*Problem*
Pictures are to be excluded. Please print only the lines from the one containing "Köln-Mülheim的舒适公寓" through the end of the data, exactly as they appear.

*Collected data*
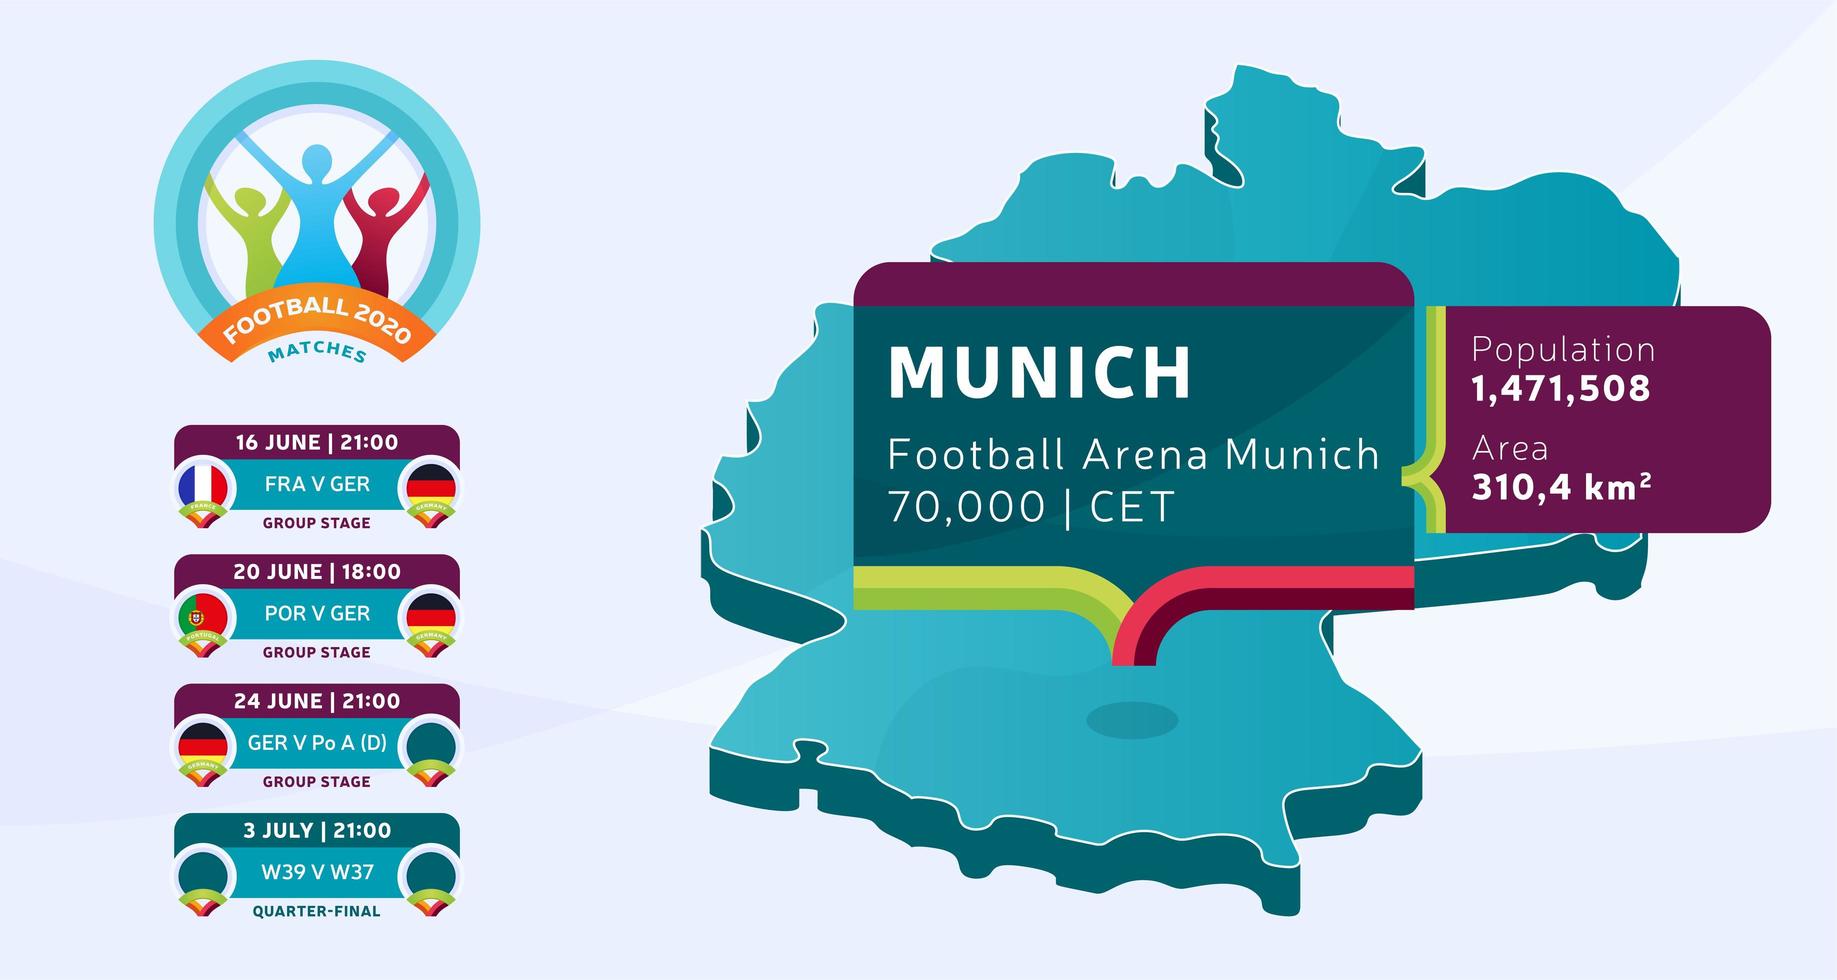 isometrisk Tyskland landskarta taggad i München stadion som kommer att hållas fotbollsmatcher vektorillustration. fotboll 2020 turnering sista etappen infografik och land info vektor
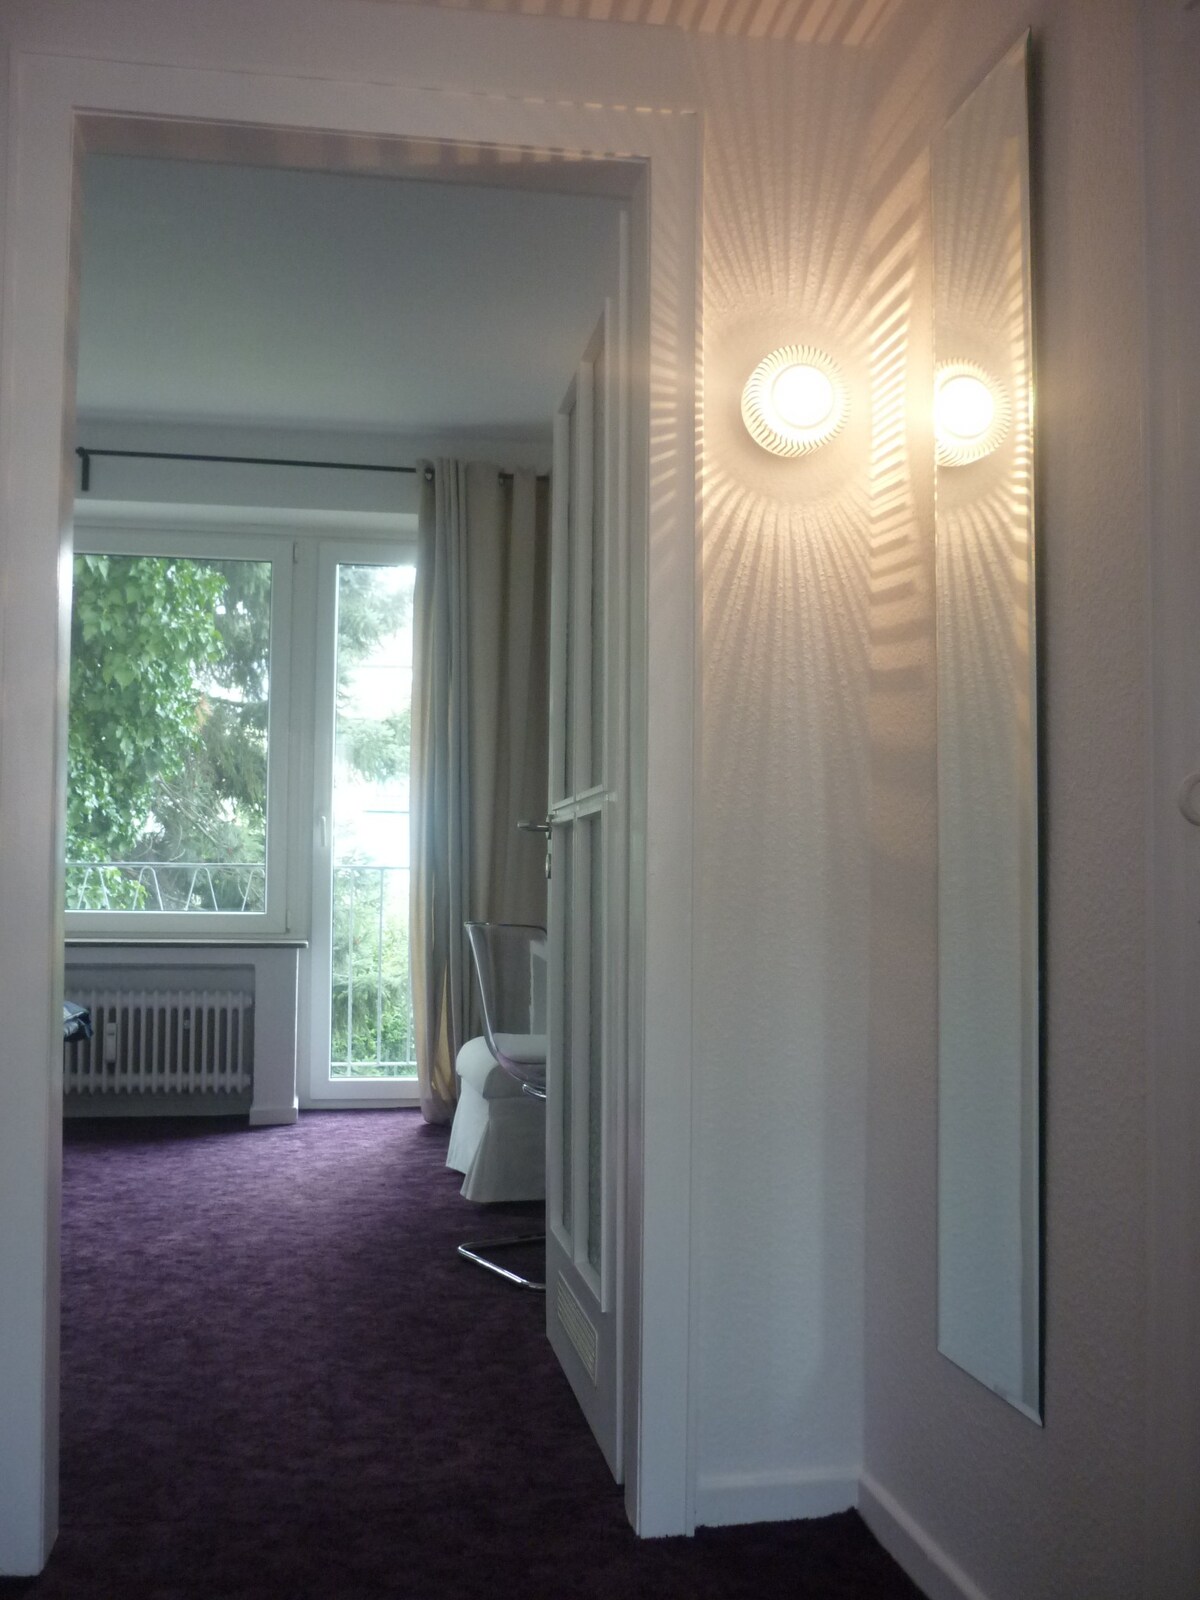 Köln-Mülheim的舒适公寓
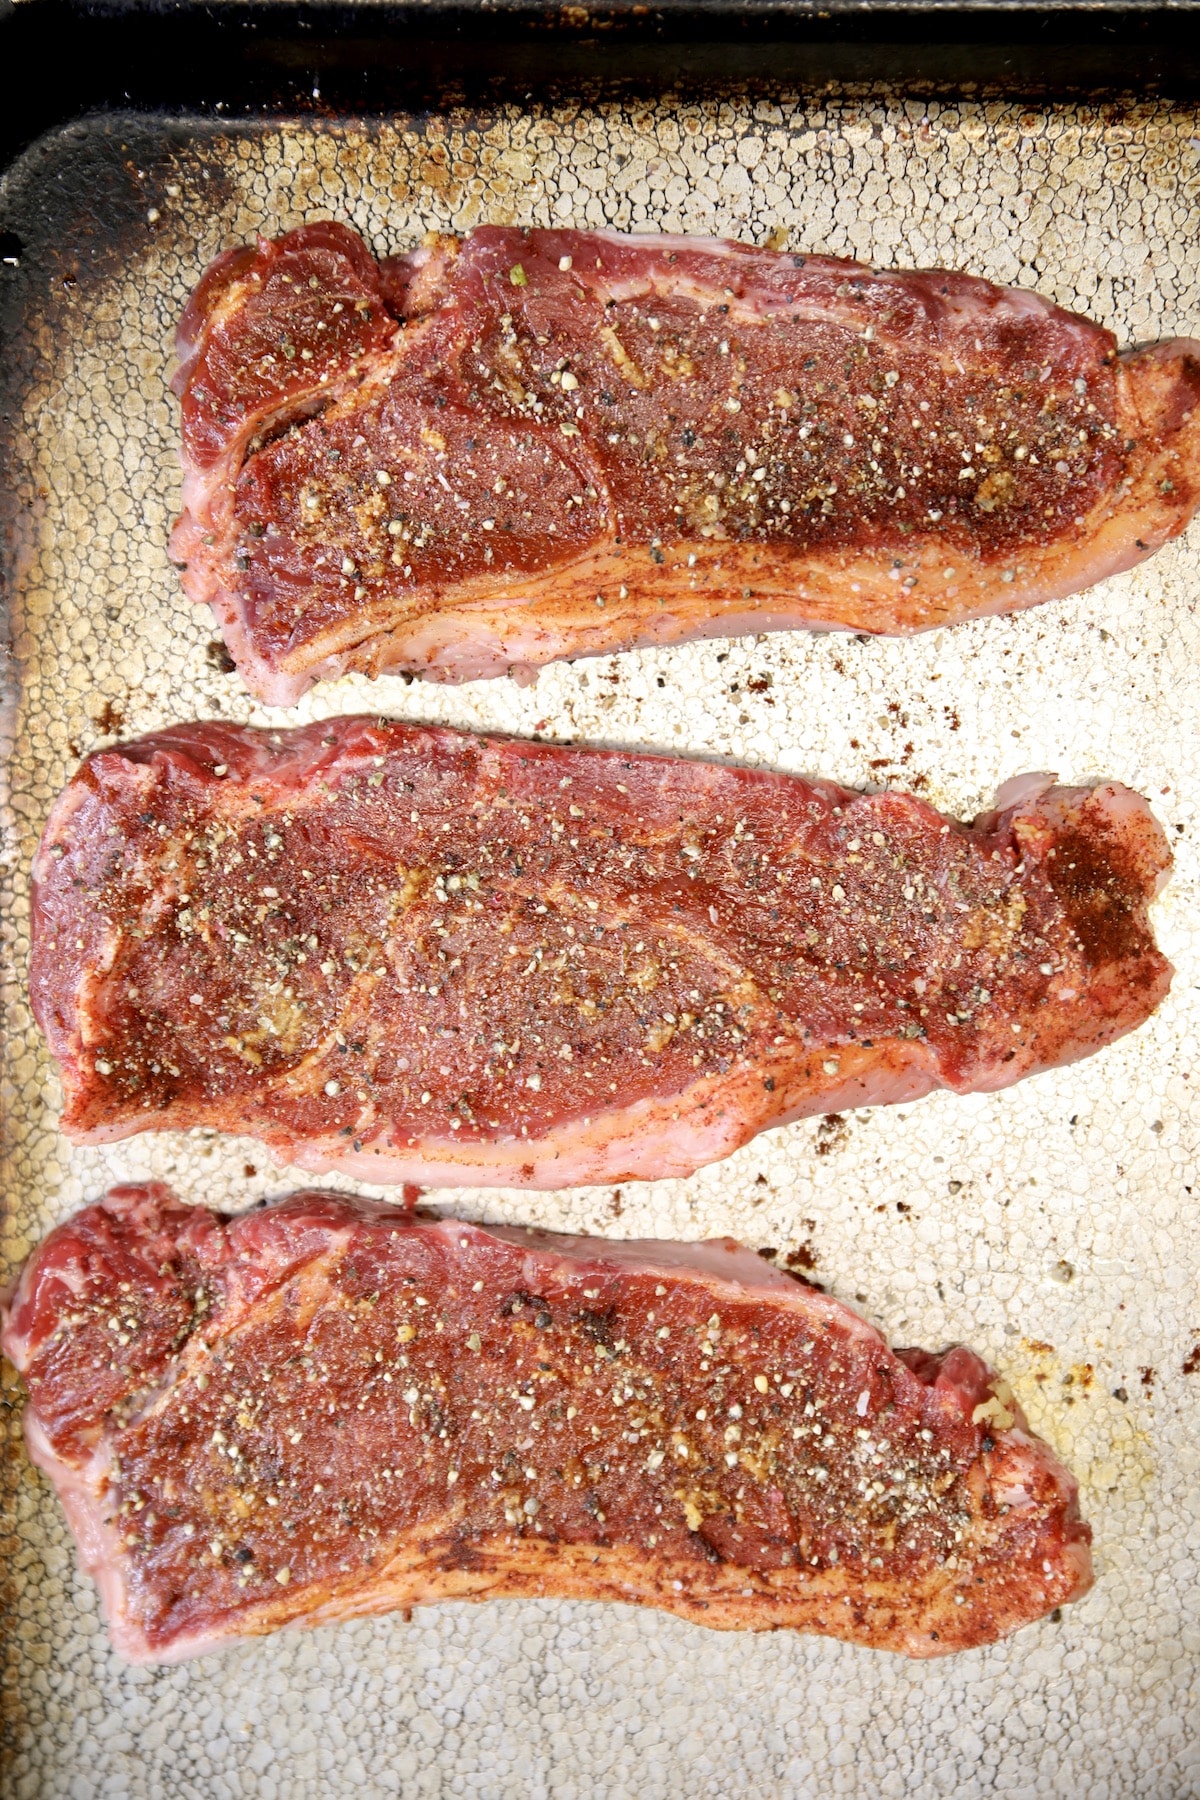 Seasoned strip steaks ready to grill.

*Output of the task*
 Köln-Mülheim的舒适公寓
 Seasoned strip steaks ready to grill.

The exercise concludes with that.